Read latency: measured by querying "the aggregated value of 1 device's 1 measurement every 1 minute within 1 hour," demonstrated IoTDB's exceptional performance with a latency of only 2 milliseconds. In contrast to InfluxDB, TimescaleDB, and QuestDB on the benchANT ranking, IoTDB's query response speed ranged from 3 times to an astounding 96.5 times faster.

Storage consumption: recorded at the end of the query test, revealed that IoTDB utilized a mere 2 GiB of storage. In comparison to InfluxDB, TimescaleDB, and QuestDB on the benchANT ranking, IoTDB's storage consumption was 1/35th of the others.

Additionally, the ranking considered the hardware costs of AWS cloud servers and calculated the cost-effectiveness (Operations Per Cost) by dividing read throughput by monthly costs. This metric represents "how much read performance can be obtained per dollar spent." In this regard, IoTDB outperformed InfluxDB, TimescaleDB, and QuestDB by up to 22.2 times, and at least 1.4 times, showcasing its cost-effectiveness and superiority in terms of value for money.

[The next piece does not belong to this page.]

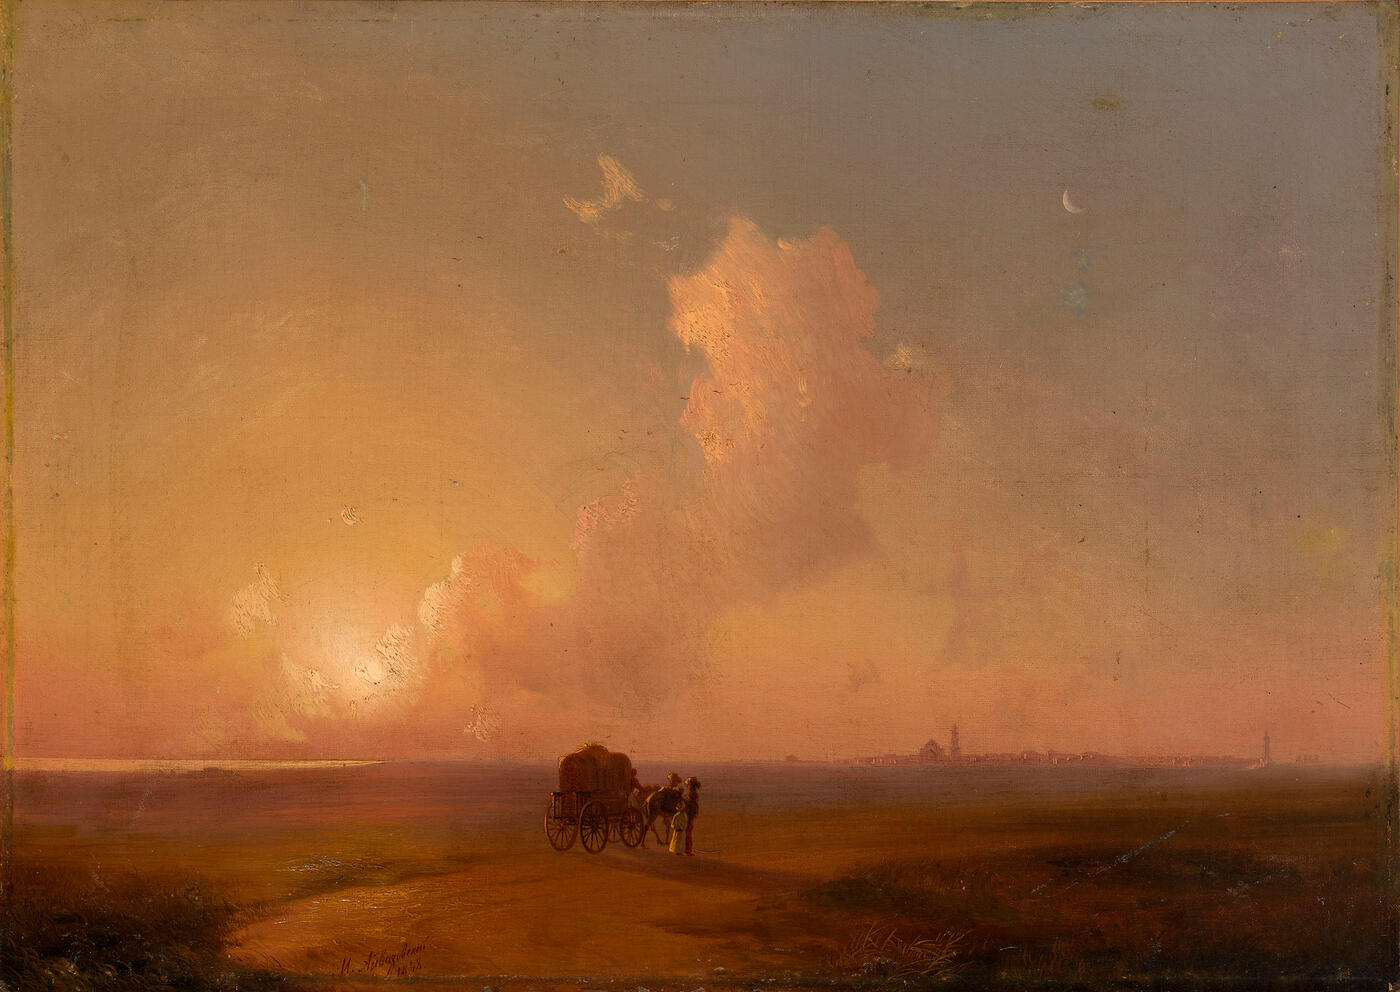 Camel-Cart at Sunset in a Coastal Landscape

The following chart illustrates a comparison of various performance testing metrics for mainstream time-series databases on the ranking:

benchANT comparison-20230928-evth.png

The Timecho team conducted repeated tests on these database systems using the hardware environment and parameter configurations specified by benchANT to validate the results featured on the ranking.

1. Background

Based in Germany, benchANT focuses on evaluating cloud infrastructure and database performance. Recognizing the challenge users face when selecting databases without standardized performance and functionality benchmarks, benchANT conducts performance tests on various common relational, NoSQL, and time-series databases under unified hardware resources, identical system configurations, and fixed testing workloads. This ensures fairness in test results, and databases are ranked based on various metrics.

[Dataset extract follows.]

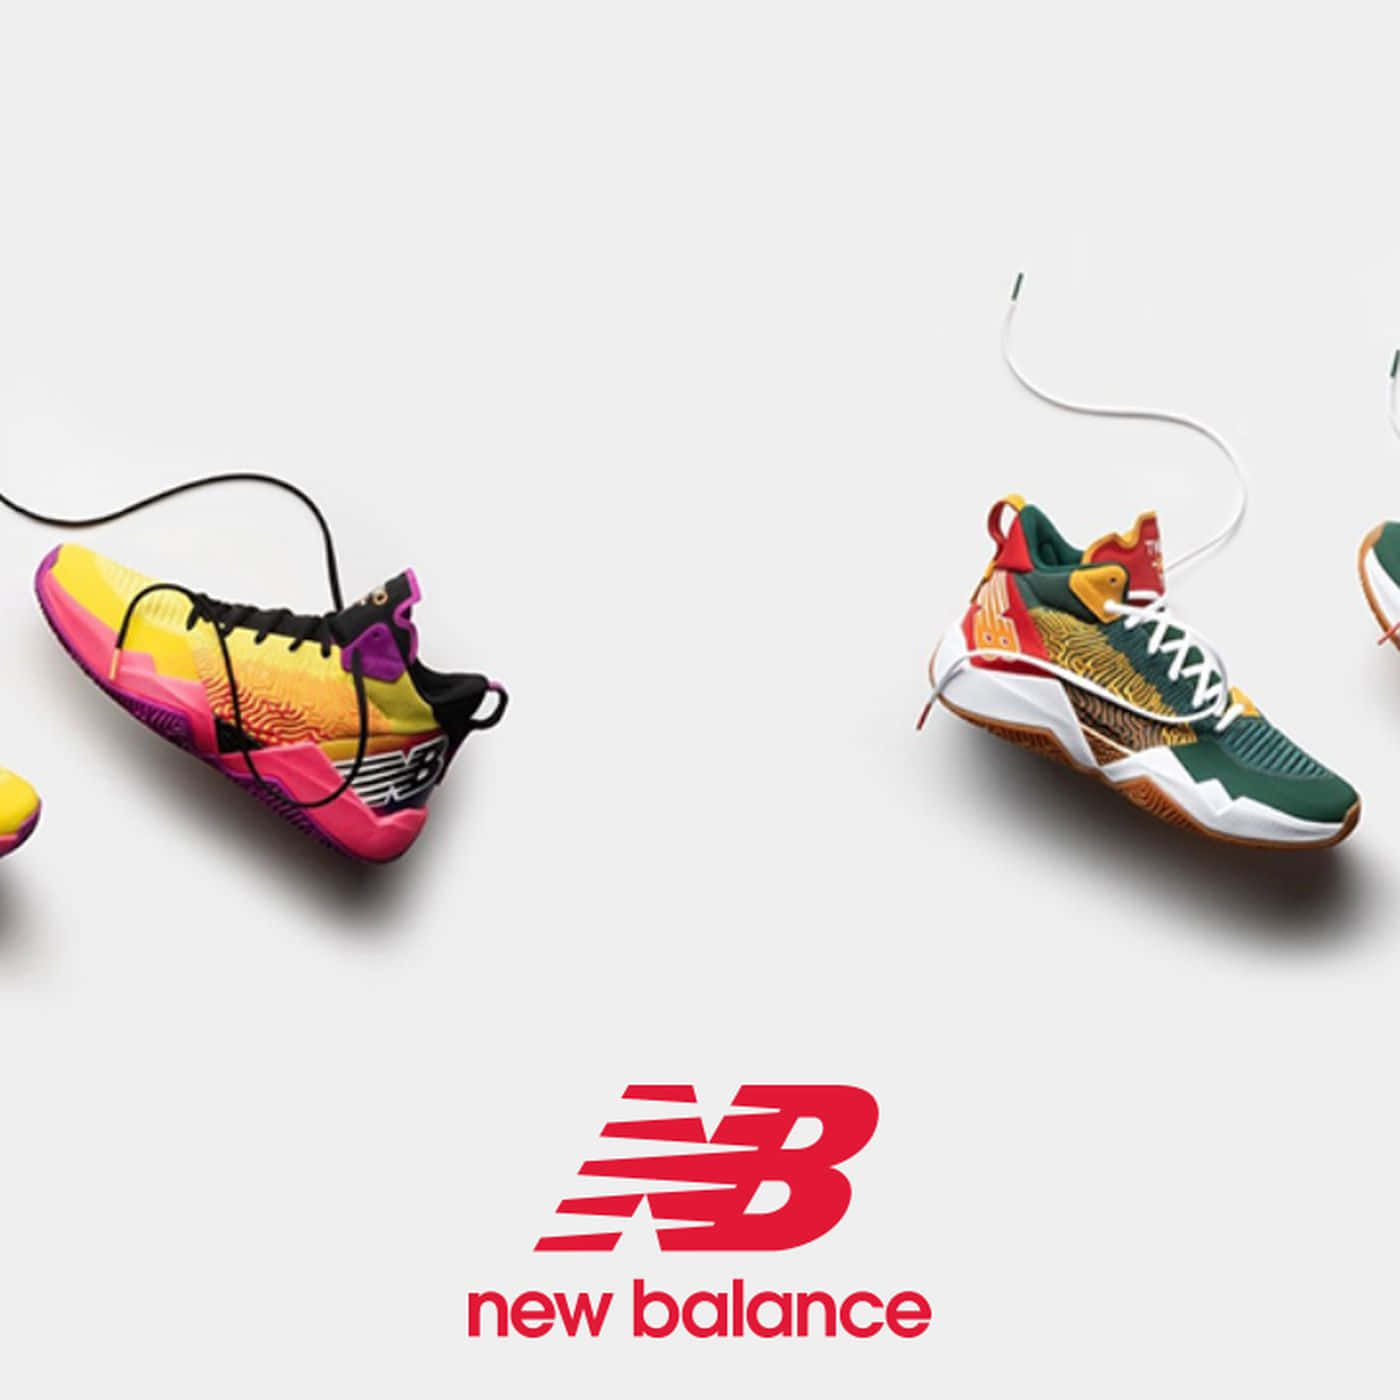 Blivklar Til At Træne Med Stil Med New Balance Sko.

The current benchANT ranking includes 3 test scenarios:

"CRUD: General Purpose": This scenario primarily evaluates database CRUD operation performance using the YCSB test tool [2]. benchANT tested the performance of databases such as MySQL, PostgreSQL, and Cassandra under different workloads, measuring metrics like read and write latency and throughput.
"OLTP: Mix": This scenario mainly assesses database transaction performance using the Sysbench test tool [3]. benchANT tested MySQL and PostgreSQL performance under various workloads, measuring metrics like transactions per second and query latency.
"Time Series: DevOps": This scenario focuses on testing the read and write performance of time-series databases using the TSBS testing tool as a benchmark. The Time Series Benchmark Suite (TSBS), developed by Timescale [4], provides functionalities for generating time-series data, data ingestion, query generation, query execution, and automatic result aggregation. As an open-source project, TSBS is widely accepted by several time-series database systems, including InfluxDB, TimescaleDB, VictoriaMetrics, QuestDB, and ClickHouse, among others. Many database vendors use this benchmark to generate performance reports, demonstrating the superior performance of their database systems. However, benchANT's time-series database performance testing ranking has made some modifications: benchANT uses the DevOps scenario from the TSBS suite, establishes uniform preset parameters (workloads, cluster sizes, etc.), and deploys various databases in the same Amazon Web Services (AWS) cloud environment to obtain objective test results. This scenario includes the following 6 metrics:
- Write Throughput: The number of data points written per unit of time, indicating higher database write performance with higher values.
- Read Throughput: The number of query requests processed per unit of time, reflecting a database's ability to handle query requests.
- Read Latency: The response time for a single query, with lower values indicating faster query processing.
- Storage Consumption: The average disk usage recorded during testing.
- Monthly Costs: Monthly expenses associated only with AWS machine costs.
- Operations per Cost: Cost-effectiveness metric, indicating the number of operations performed per unit of expense, with higher values indicating greater cost-effectiveness.

2. Test Preparation

2.1 Software Versions

For this test, we used IoTDB version V1.2.1 [5], OpenJDK17 as the Java Development Kit (JDK), and the TSBS testing tool forked by benchANT from its GitHub repository [6].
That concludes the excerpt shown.